Your Guide to Cooking Kulthi
Preparing horse gram requires a little patience, but the results are well worth it. Due to its tough exterior, soaking is a crucial step. For best results, rinse the lentils thoroughly and soak them in ample water overnight, or for at least 8 hours. This not only softens the pulse and reduces cooking time but also helps make its nutrients more bioavailable and reduces anti-nutrients like phytic acid. The most efficient way to cook horse gram is in a pressure cooker. After soaking, drain the water, add fresh water, and pressure cook for about 30-40 minutes or until the beans are tender and can be mashed easily between your fingers.
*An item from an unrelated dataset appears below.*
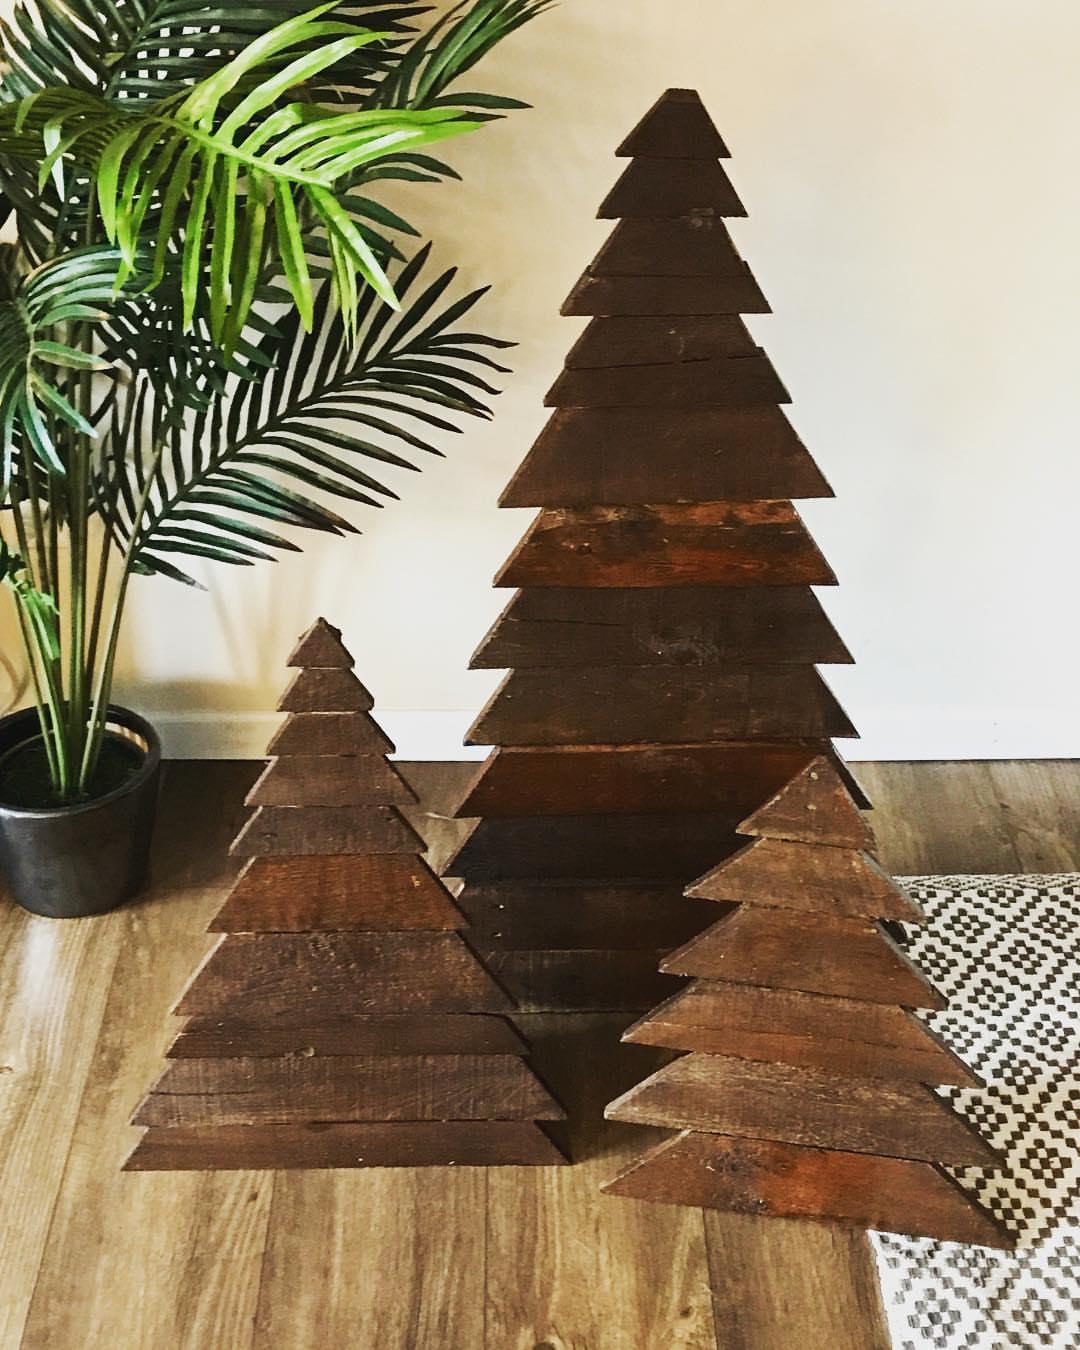 Are Alternative Christmas Trees Trendy?

The cooked lentil holds its shape well, unlike other dals that turn mushy.
From Rustic Soups to Modern Salads
The versatility of horse gram allows it to be used in a variety of dishes. One of the most popular preparations is a simple Kulthi Dal or a South Indian-style rasam, where the flavorful stock from the boiled lentils is seasoned with tamarind, garlic, and spices. The cooked beans can be used to make hearty curries, similar to a rajma masala. For a healthier twist, you can sprout the horse gram and add it to salads for a crunchy, nutrient-dense boost. The lentils can also be roasted and ground into a flour, which can then be used to make rotis, dosas, or as a thickener for soups and stews.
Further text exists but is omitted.